----- DATASET RECORDS -----

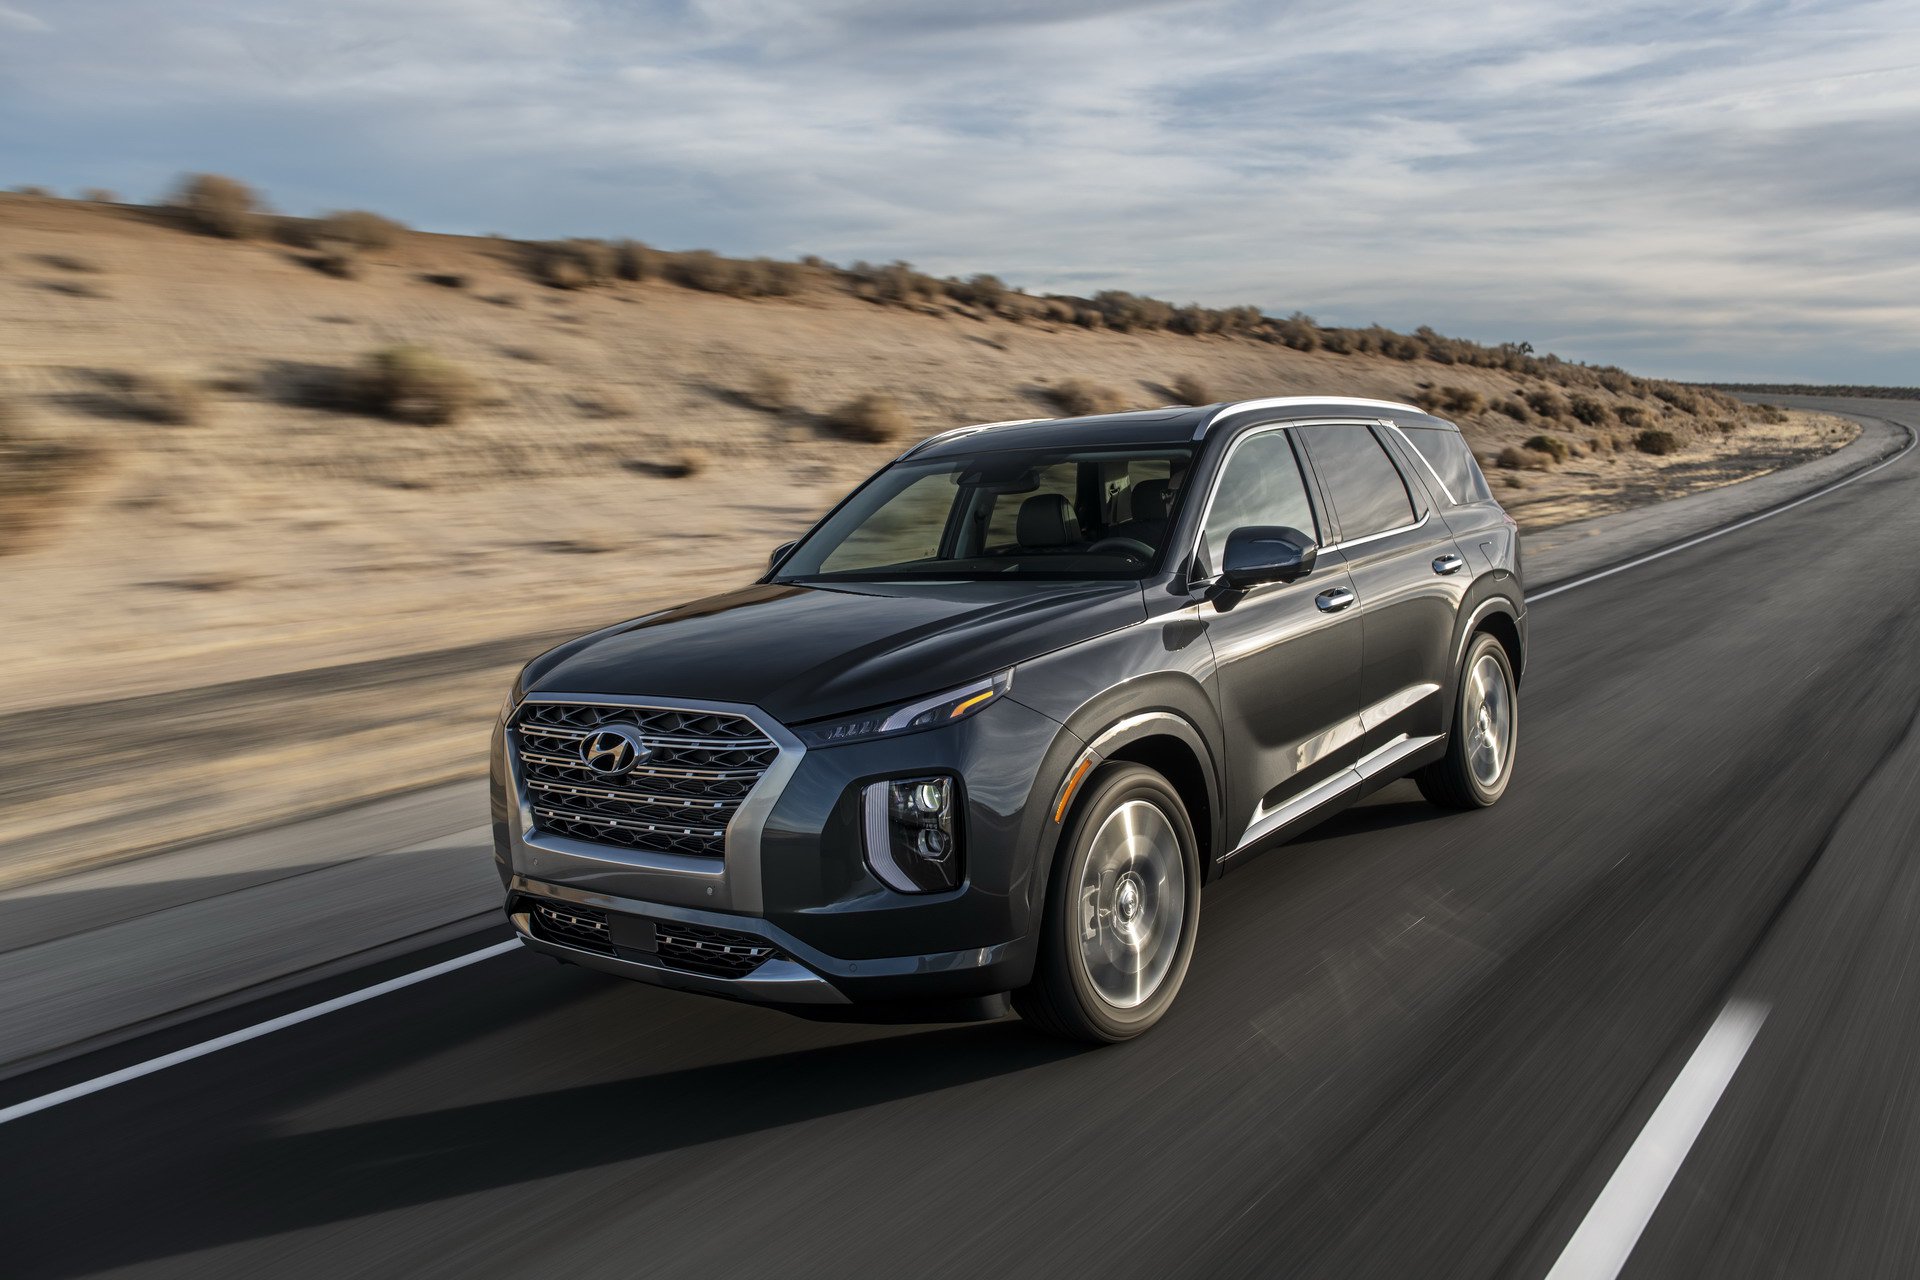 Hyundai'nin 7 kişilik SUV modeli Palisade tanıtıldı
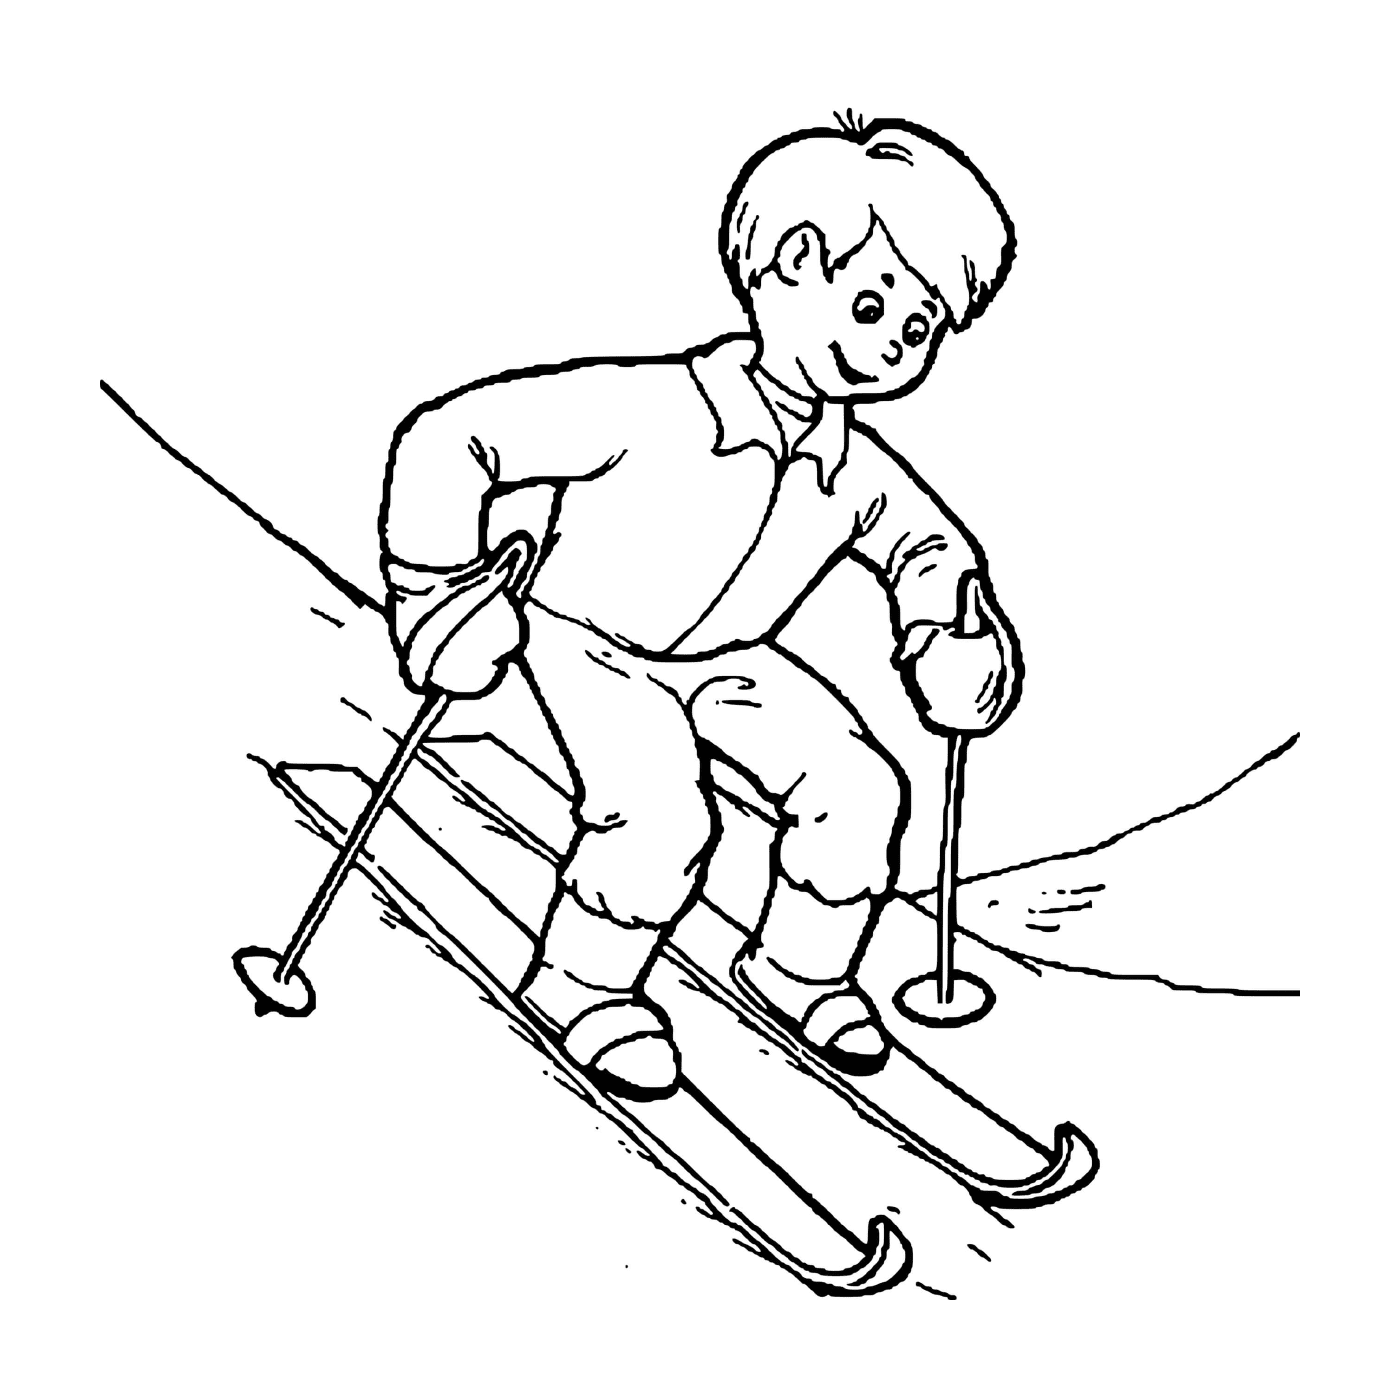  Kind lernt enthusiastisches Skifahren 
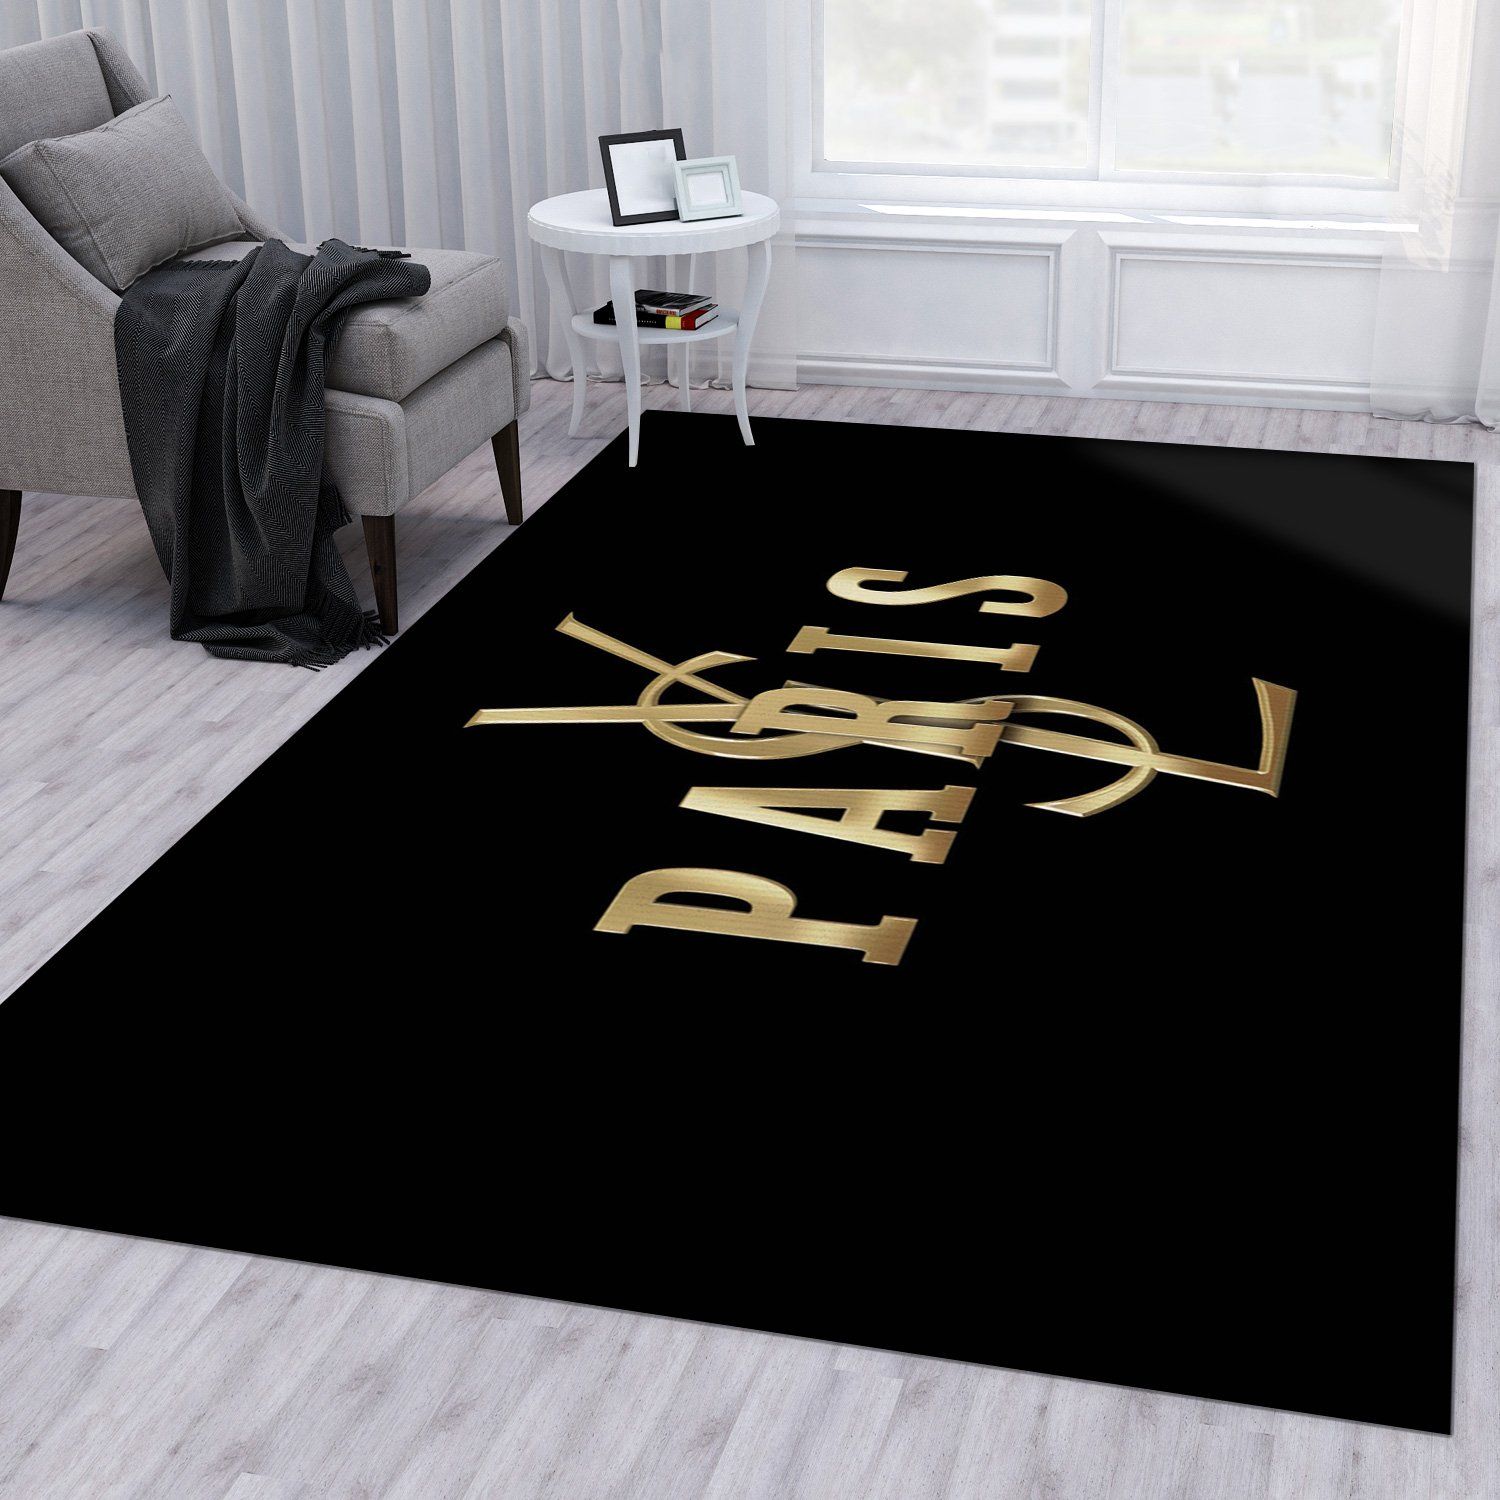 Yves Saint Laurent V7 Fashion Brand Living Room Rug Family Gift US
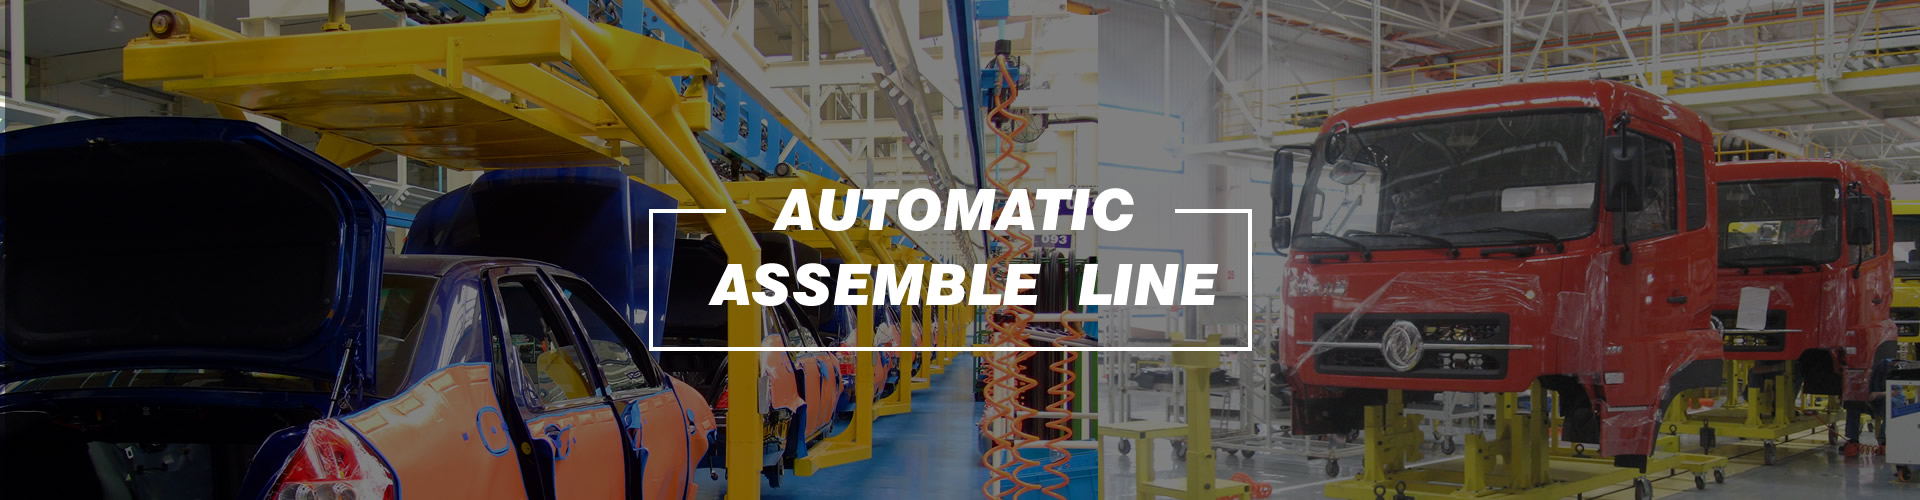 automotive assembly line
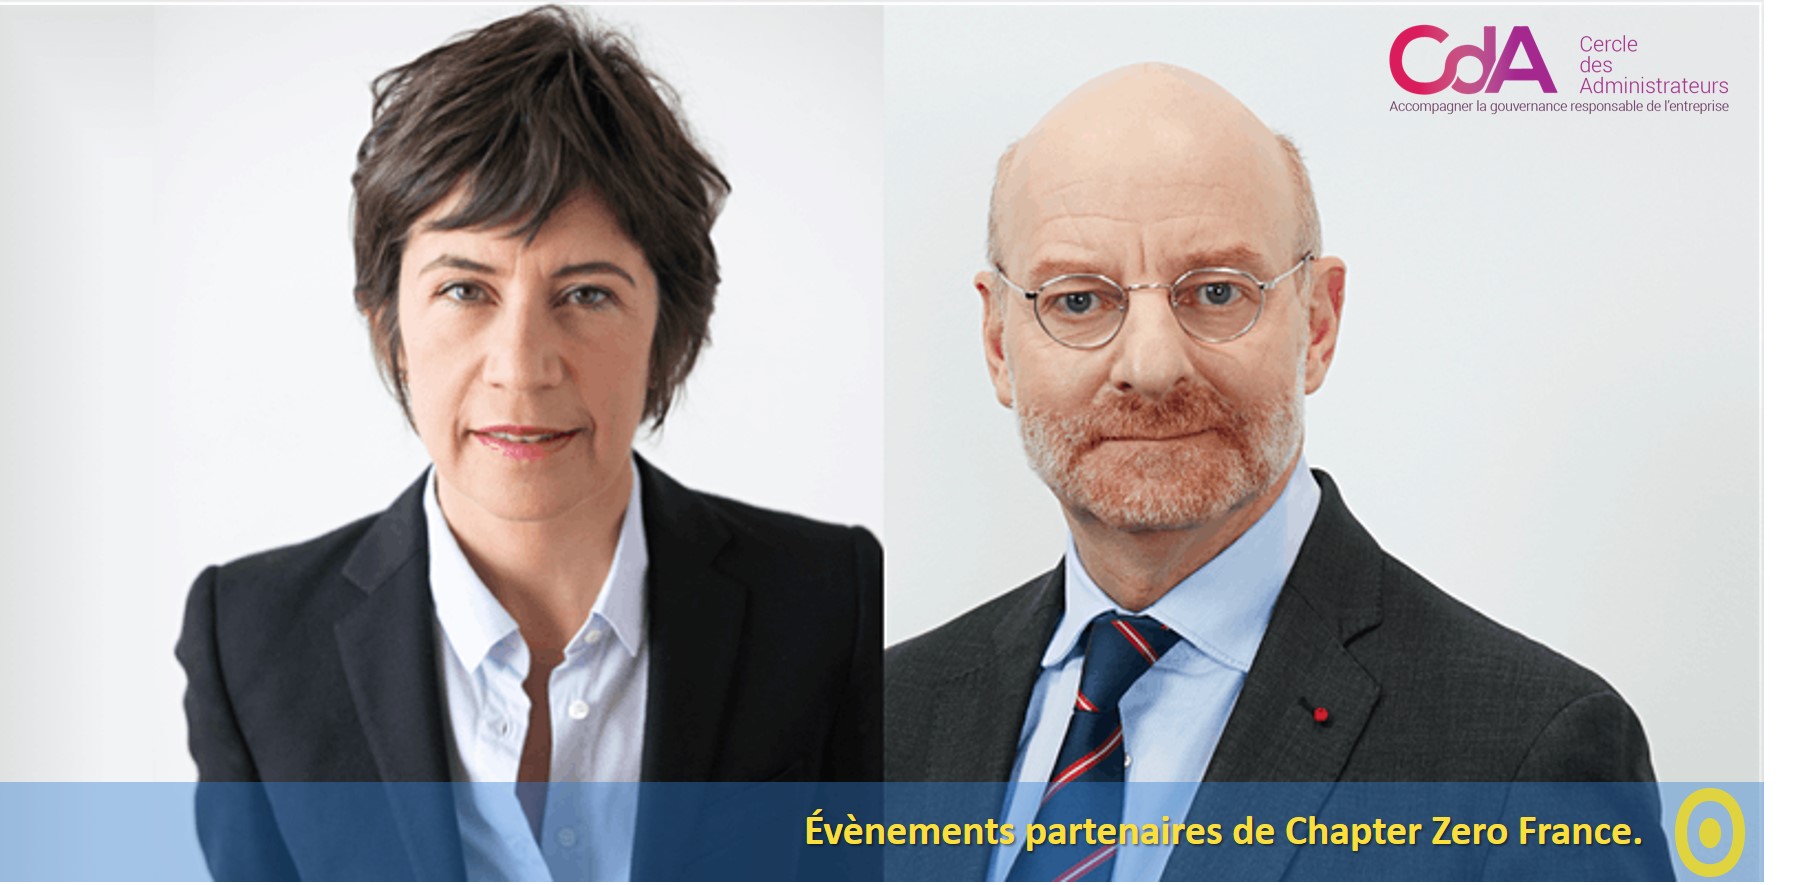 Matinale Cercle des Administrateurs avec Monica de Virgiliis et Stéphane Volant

-----

REQUIREMENT: No pictures belong in the copy; output every record exactly.

RESULT BELOW:
 Hyundai'nin 7 kişilik SUV modeli Palisade tanıtıldı
  Kind lernt enthusiastisches Skifahren 
 Yves Saint Laurent V7 Fashion Brand Living Room Rug Family Gift US
 automotive assembly line
 Matinale Cercle des Administrateurs avec Monica de Virgiliis et Stéphane Volant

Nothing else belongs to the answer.